Наспех одетая Селина держала кота, его уши были прижаты. Свет лампы падал на кучу тряпья в конце лестницы, пахло гнилой водой и несвежим бельем.

– Я проснулась, – сказала Мэллит. – Что это?

– Половики, – подруга отпустила Маршала, и тот, выгнув спину, медленно двинулся к куче. – Я их собрала. Хорошо, что ты встала, нужно прибраться, пока никто не видит.

– Ничтожная не понимает…

– Это от выходца. Я бы тоже не поняла, но когда папеньку и Циллу забрали, у нас в Кошоне много чего сгнило. Вообще, чтобы выходцы переступили порог, их надо позвать по имени, но на этом самом месте убили бедного господина Густава. Остался холод, а они ходят от холода к холоду.

– Выходцы? – повторила Мэллит.

– Девушка, которую расстреляли, вернулась за мной, но у нее не получилось. Понимаешь, я немного странная, меня нельзя забрать. Давай вынесем половики в сад, там яма есть. Только одеться надо, а то застудимся.
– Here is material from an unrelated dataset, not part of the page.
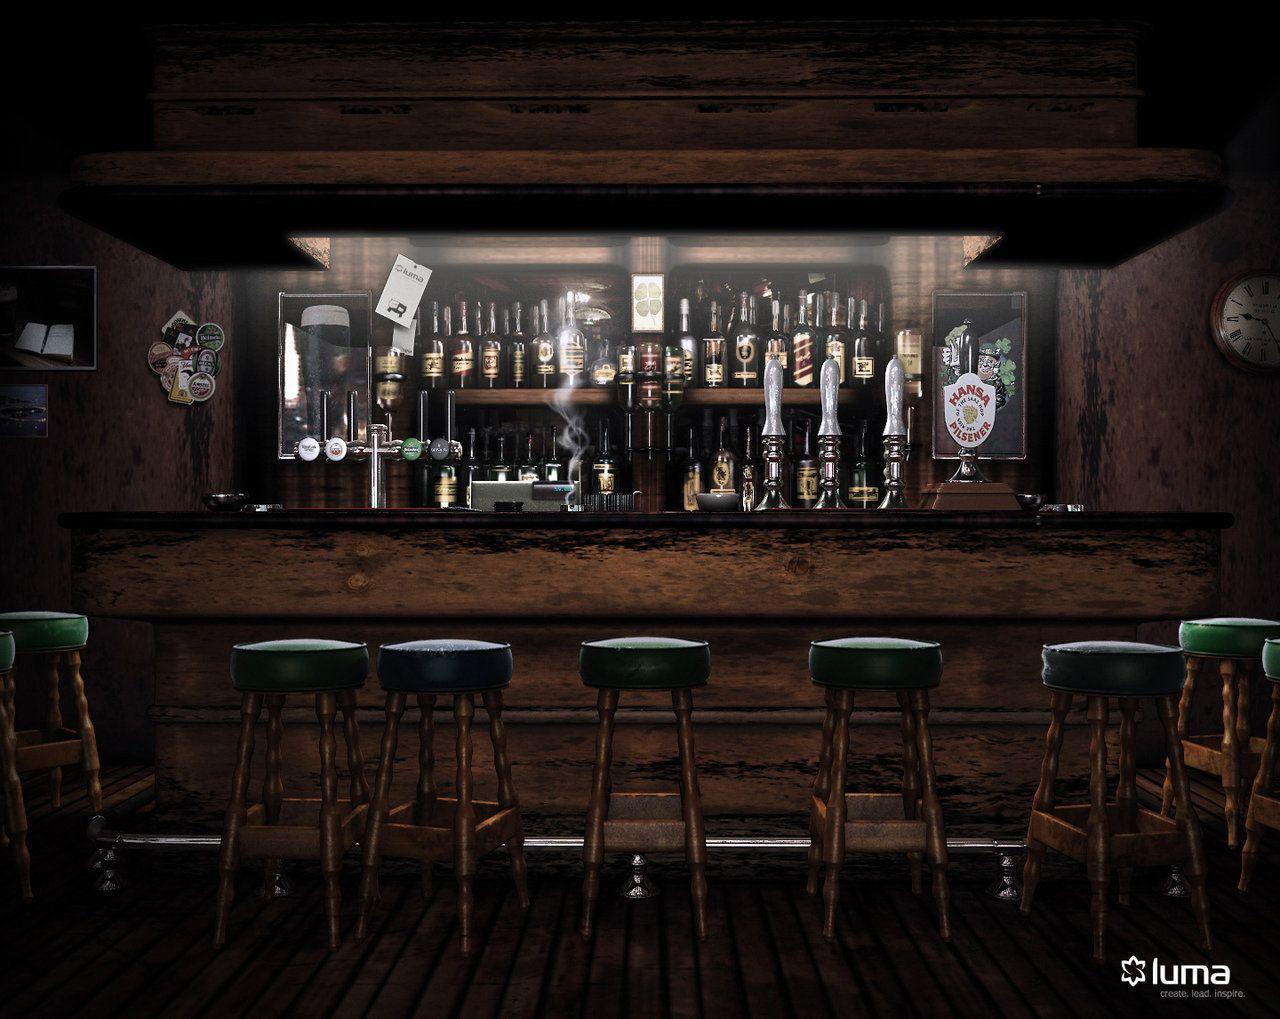 pub wallpapers wallpaper cave. Black Bedroom Furniture Sets. Home Design Ideas

– Но… нареченная Гизе… Гизелли не там?

– Нет, что ты! Ее Маршал прогнал, то есть не только Маршал. Я объяснила, что кошачьи царапины у нее никогда не заживут, а я все равно грязная фульга. Она поняла. Вынесем тряпки, и я лестницу помою, чтоб не пахло, а ты на кухне приберись, там почти все протухло. Хуже всего капуста, ее тоже придется в яму.

– Я уберу, – пообещала Мэллит. – Почему никто не идет?

– Так всегда бывает. Выходцы умеют держать тех, кто им не нужен, во сне. Послушай, как вышло, что ты встала?

– Кричал кот и ничтож… я проснулась и сидела, полная нечистых мыслей. Они были подобны этим половикам, теперь их больше нет.

4

Гостей собралось куда меньше, чем в Агарисе на приснопамятной прощальной пьянке, но и семеро многое могут. Особенно если не ызарги.

 

– Ызаргиня? – весело, теперь уже весело искала имя для мерзавок Этери. – Или… ызаргинья?

– Не сходится, – протестовал Валме. – Ее высокопреосвященство полагает, что противоположность мужчине, достойному женской любви, есть не гайифцам подобный ызарг, но хряк. Хряк и ызаргинья – не пара, а должны быть парой, значит, должна быть хрякинья. И хрякинья хрякинью видит насквозь, ибо что сделает одна, сделает и другая.

– Хрякинья женщину не поймет никогда, – Бонифаций поднимает не только палец, но и бровь. Как Алва. – Зато разъяснит для себя, приведя к своему пониманию. И обругает.

– Женщина хрякинью не поймет и не захочет понимать, – Этери улыбается и ждет, когда все уйдут. То есть, конечно же, не все… – Женщина поймет, что перед ней хрякинья, и пройдет мимо.

– Это может быть опасно… – Робер вспомнил что-то свое и поморщился.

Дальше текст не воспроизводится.